Alteration of gut microbiota in chronic pancreatitis
Since there is fat maldigestion due to PEI in chronic pancreatitis, it is likely that there will be an alteration in the gut microbiota. We tested for this by metagenomic 16S rDNA V3-V4 region sequencing and observed that there was a significant reduction in the relative abundance of the species Fecalibacterium prausnitzii in patients with chronic pancreatitis who had diabetes compared to those who did not.
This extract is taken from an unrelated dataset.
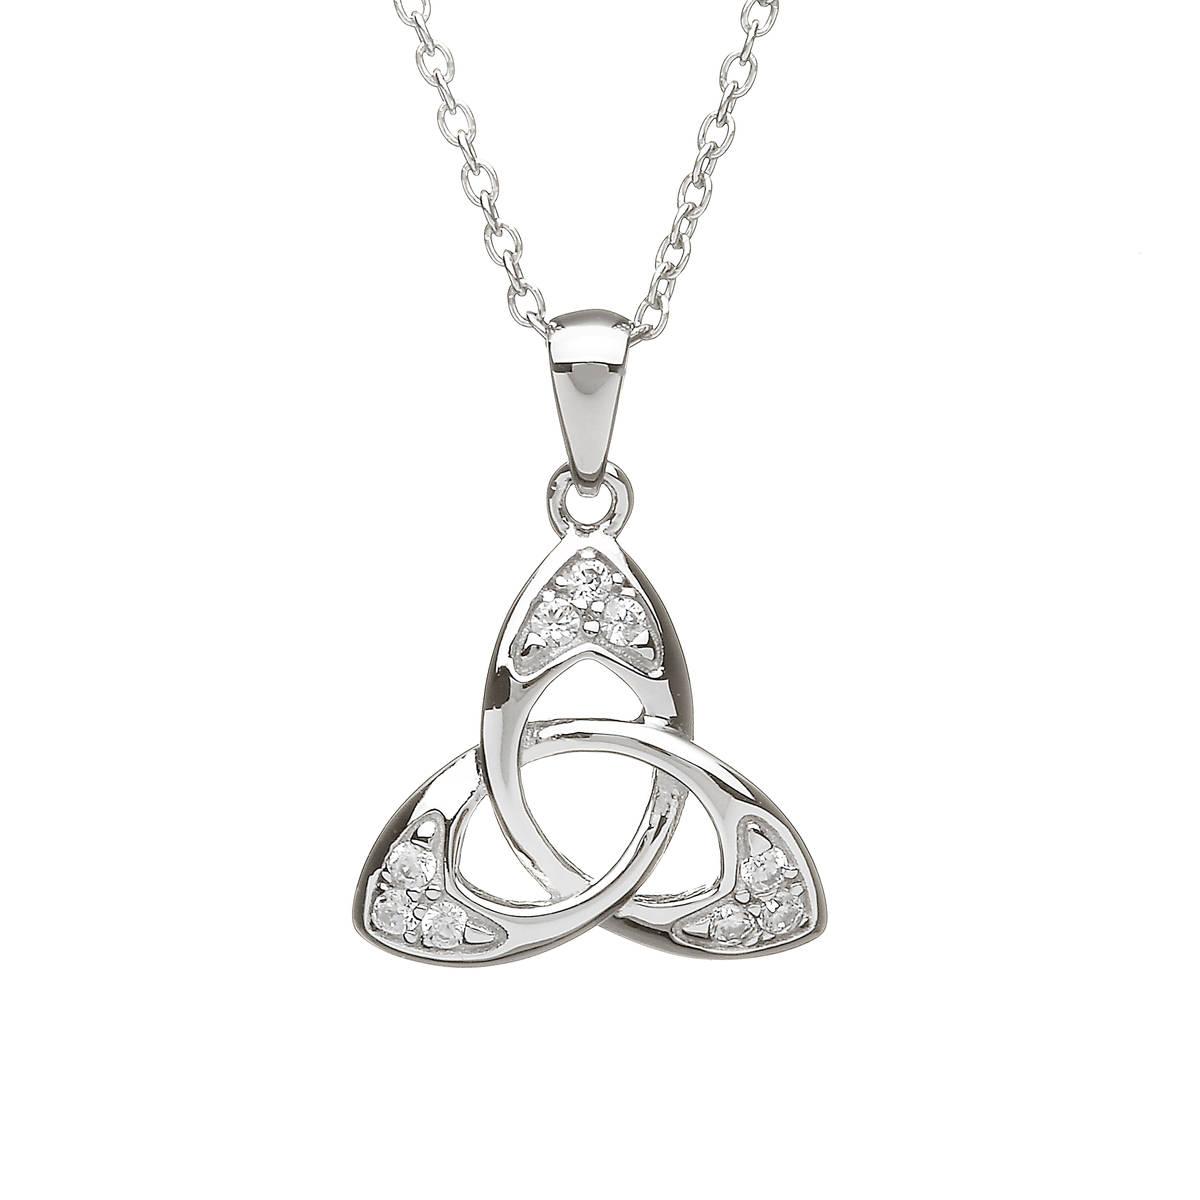 Silver Cubic Zirconia Trinity Pendant

This bacterium is known to maintain the gut barrier integrity, implying that its reduction could result in disrupted gut barrier. We also observed an increase in LPS synthetic pathways among the intestinal bacteria and a parallel increase in plasma endotoxin. This correlated positively with blood glucose and negatively with relative abundance of Fecalibacterium prasunitzii. Taken together, these findings led to the hypothesis that pancreatic exocrine insufficiency and fat malabsorption results in gut microbial imbalance (dysbiosis) in chronic pancreatitis, which results in gut barrier alteration and translocation of endotoxin into the circulation. The circulating endotoxin could then contribute to islet dysfunction, along with other possible mechanisms. It is known from earlier experimental studies that endotoxins could result in islet injury via TLR4. We also observed correlation of the relative abundance with several bacteria genera with nutritional parameters (Scientific Reports, 2017). The current attempt in the lab has been to elucidate the mechanistic insights of the above findings that would provide better understanding of the connection between pancreatitis and gut microbiome.